This week in Parashat Sh’mot, God appears to Moses in the burning bush and demands that he see Pharaoh and free the Israelites from Egypt. Naturally, Moses’s response to this otherworldly and unexpected instruction is “Who am I that I should go?” (Exodus 3:11). Who wouldn’t respond with: “Why me?” or “Are you sure that I’m the right person?” or “I don’t know if I’m exactly qualified for this position.”
Now that we are starting a new calendar year, it is the perfect time for some resolutions: to eradicate self-doubt and acknowledge our greatness, accept new challenges and take on responsibility, and do the best we can with the power we have been given in this life.
Rabbi and commentator Hezekiah ben Manoah translates this excerpt from Exodus as Moses asking “what distinguishes me?” Instead of asking what makes us qualified, know we would not have been asked if someone did not see something in us that we may not see ourselves. It is easy to get bogged down by our own negativity bias, the easily incessant nature and power of negative self-talk. Let us flip the switch this year, combating unfounded self-critique and affirming the fantastic qualities we all bring to the table. Step up to the plate this year knowing that each and every one of us—including ourselves—is deserving, for we are miraculous, resilient, intelligent, and talented.
As we work to finally see ourselves in the way others look up to our successes and talents, we shall accept responsibility and take on new challenges. The unknown or the possibility of failure may remain scary—this is a natural instinct—but let us fall back on our impressive strengths this year and remember that we can and we will always be okay. When Moses asked, “why me?” God responded with “I will be with you” (Exodus 3:12). While we may not be able to get verbal reassurance from God like Moses did, we carry with us an inspiring and reassuring history of strong, capable Jewish women—of which we are also a part. Success may not come easily or be guaranteed, but by taking on more responsibility, accepting positions of leadership, and carrying on despite the challenges ahead, we will grow into ourselves, expand the knowledge and skills we already have, and learn from any potential failure. This year, let’s remember that we are up to the task; and not only are we up to it, but we are also incredibly capable of tackling the unknown.

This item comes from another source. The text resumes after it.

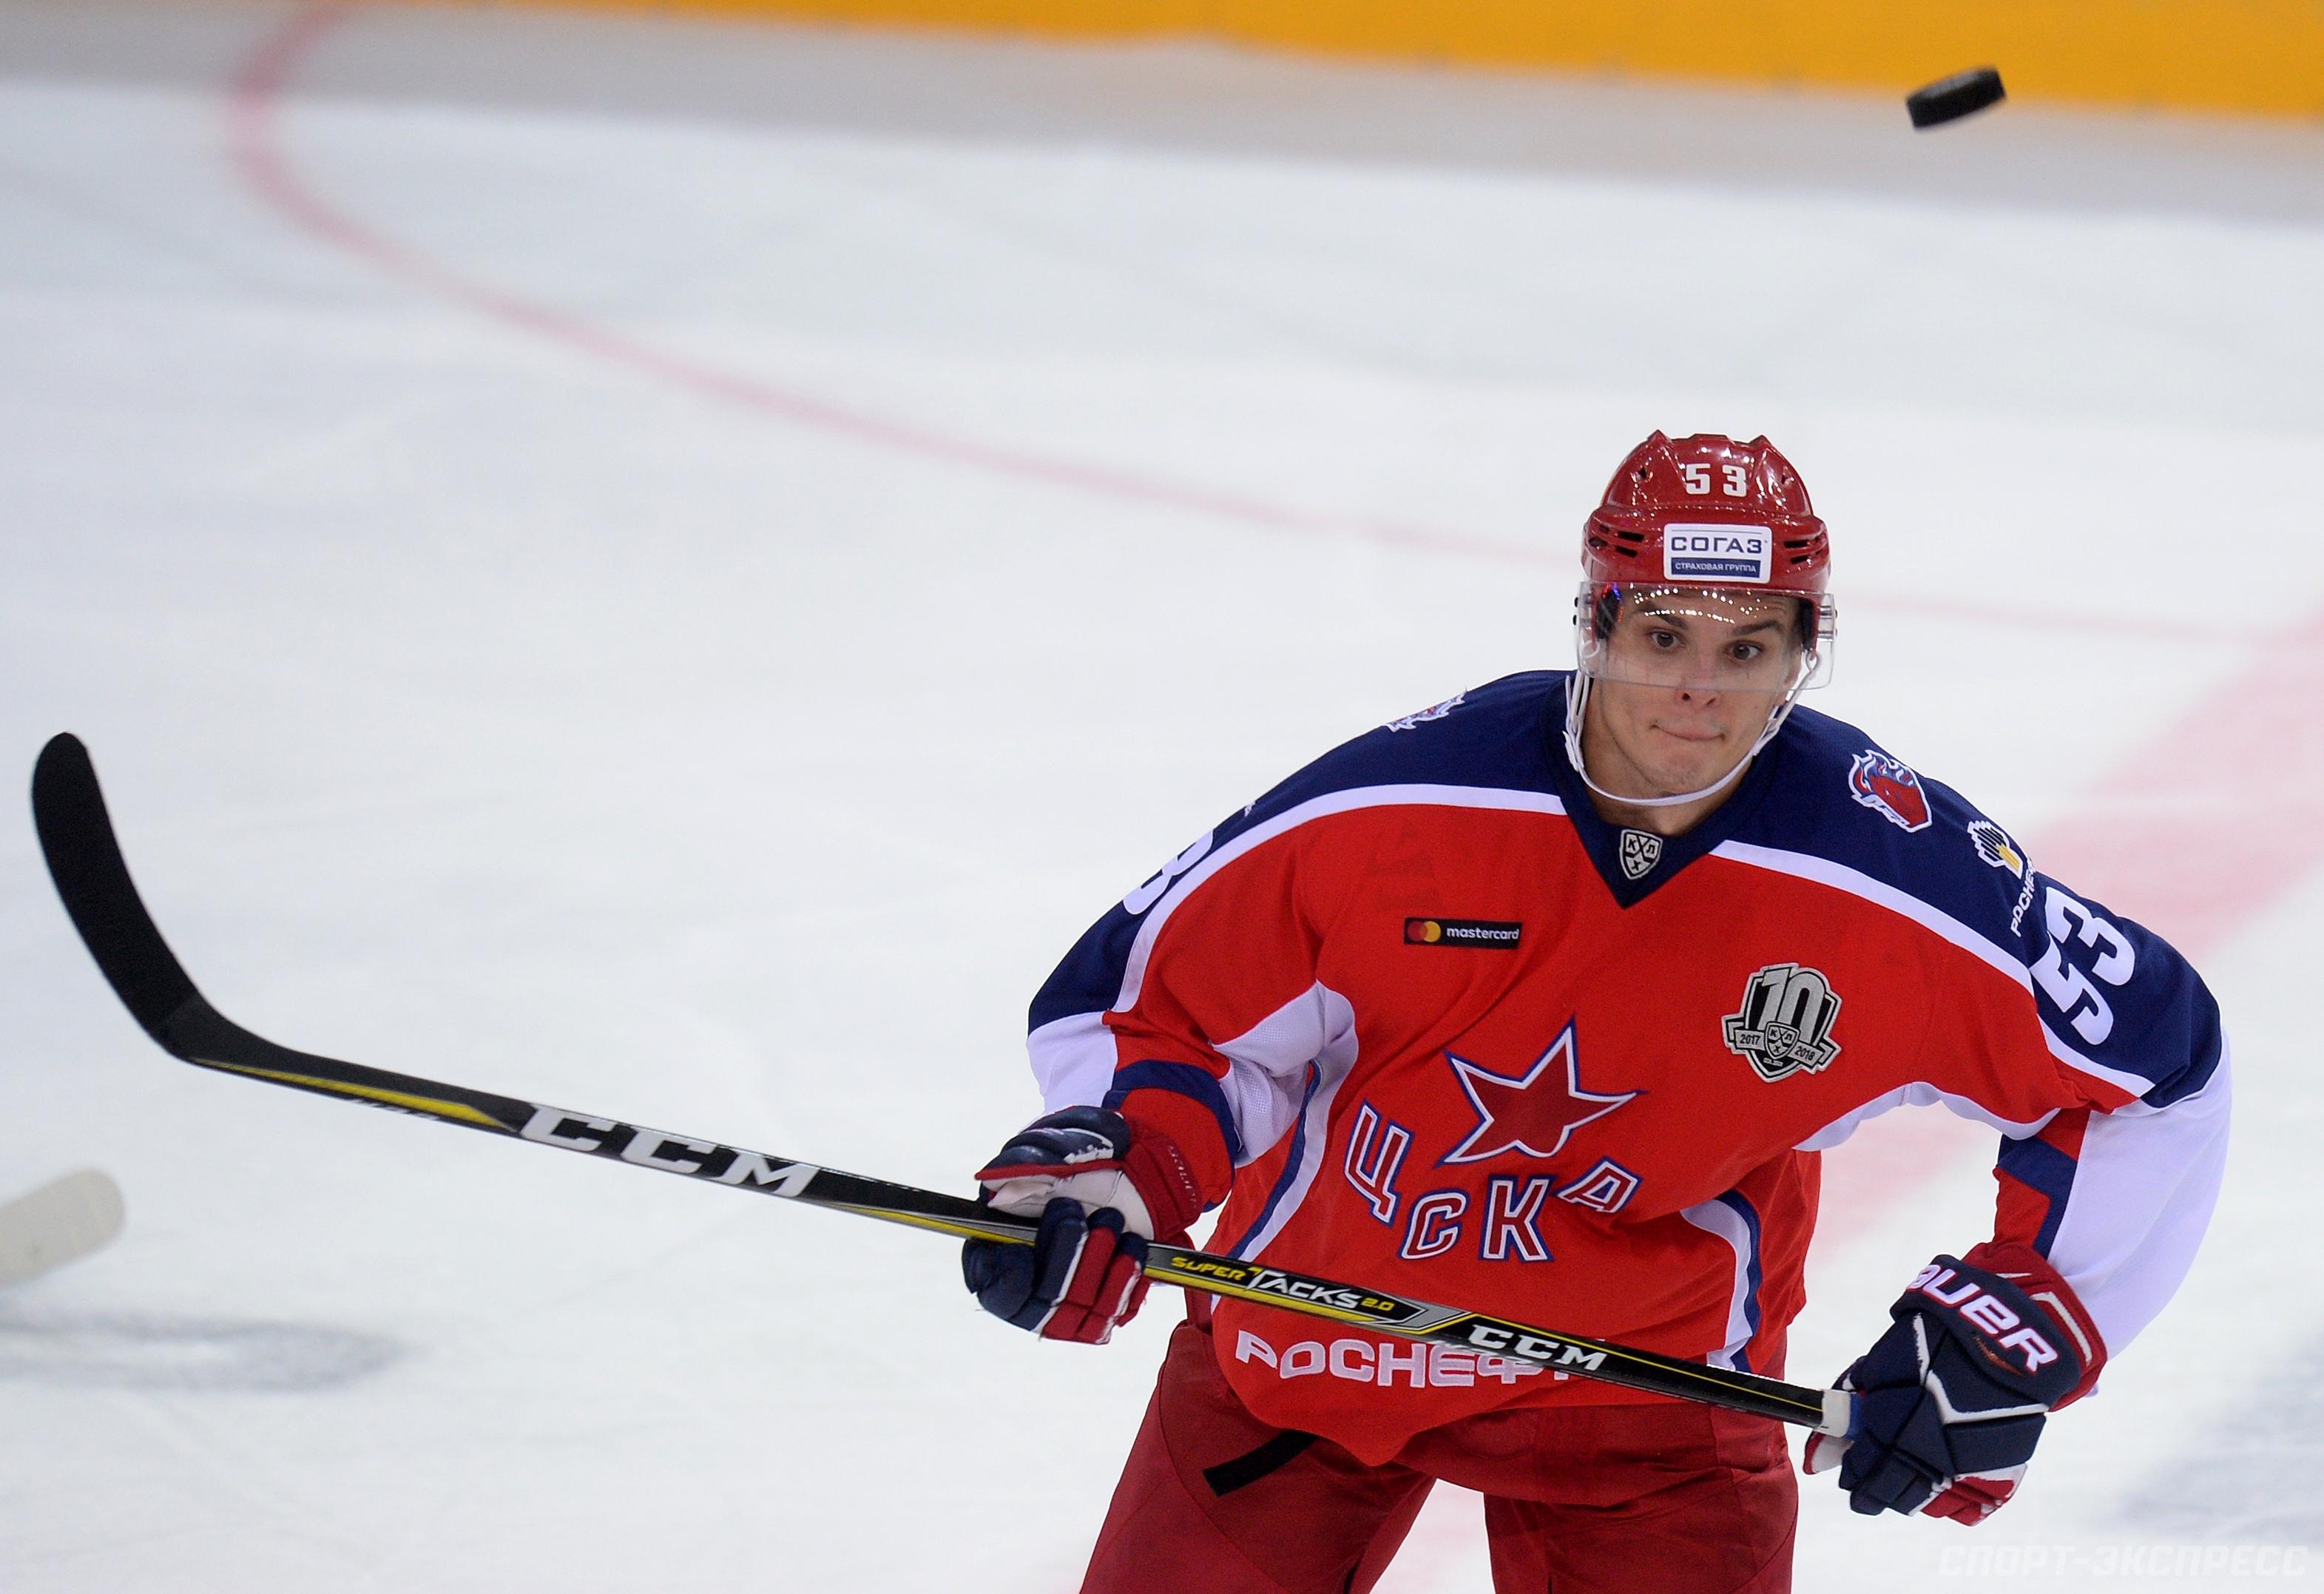 https://ss.sport-express.ru/userfiles/materials/108/1081480/origin.jpg

As we fully embrace our greatness and capacity for responsibility, let us do our best and bring more good into the world this year. In Parashat Sh’mot, Moses was ushered and encouraged to change the course of history by “go[ing] to Pharaoh and free[ing] the Israelites from Egypt” (Exodus 3:11). Many Jewish women in history have used their talents and influence to bring good to their sisters and the world around them:
- Emma Goldman - an activist and organizer who rallied for freedom, birth control, and education
- Bella Abzug - a leader of the women’s rights movement in the 1970s who helped to pass the Equal Rights Amendment
- Emma Lazarus - whose outstanding ability with words fought for justice and became engraved on the Statue of Liberty
- Ruth Bader Ginsburg - former Associate Justice of the Supreme Court, who never stopped fighting for equality and women’s rights
- Hedy Lamarr - who not only advocated for female sexual empowerment but was also a multi-talented, genius inventor
- Hannah Szenes - she helped to evacuate Jews from Hungary during the Holocaust
One day, our names and the names of our sisters may be remembered among those of which we have heard their legacy. Hannah Szenes once said: “There are stars whose radiance is visible on Earth though they have long been extinct. There are people whose brilliance continues to light the world even though they are no longer among the living . . . They light the way for humankind.” If we have not done so already, let’s spend this year becoming as radiant as those stars and as brilliant as those we remember. Let’s find confidence in ourselves, supported by the history that precedes us and the world we will leave for those we love. Let’s seek opportunities to bring good into the world and light the way for others.
While we embark on this year of assuredness, confidence, and responsibility, may we remember the words of activist Gloria Steinem: “Any woman who chooses to behave like a full human being should be warned that the armies of the status quo will treat her as something of a dirty joke. That’s their natural and first weapon. She will need her sisterhood.” As Women of Reform Judaism, may we remember to support one another as we invest in ourselves. Let us encourage each other to behave like full human beings and be emboldened to be our full selves this year.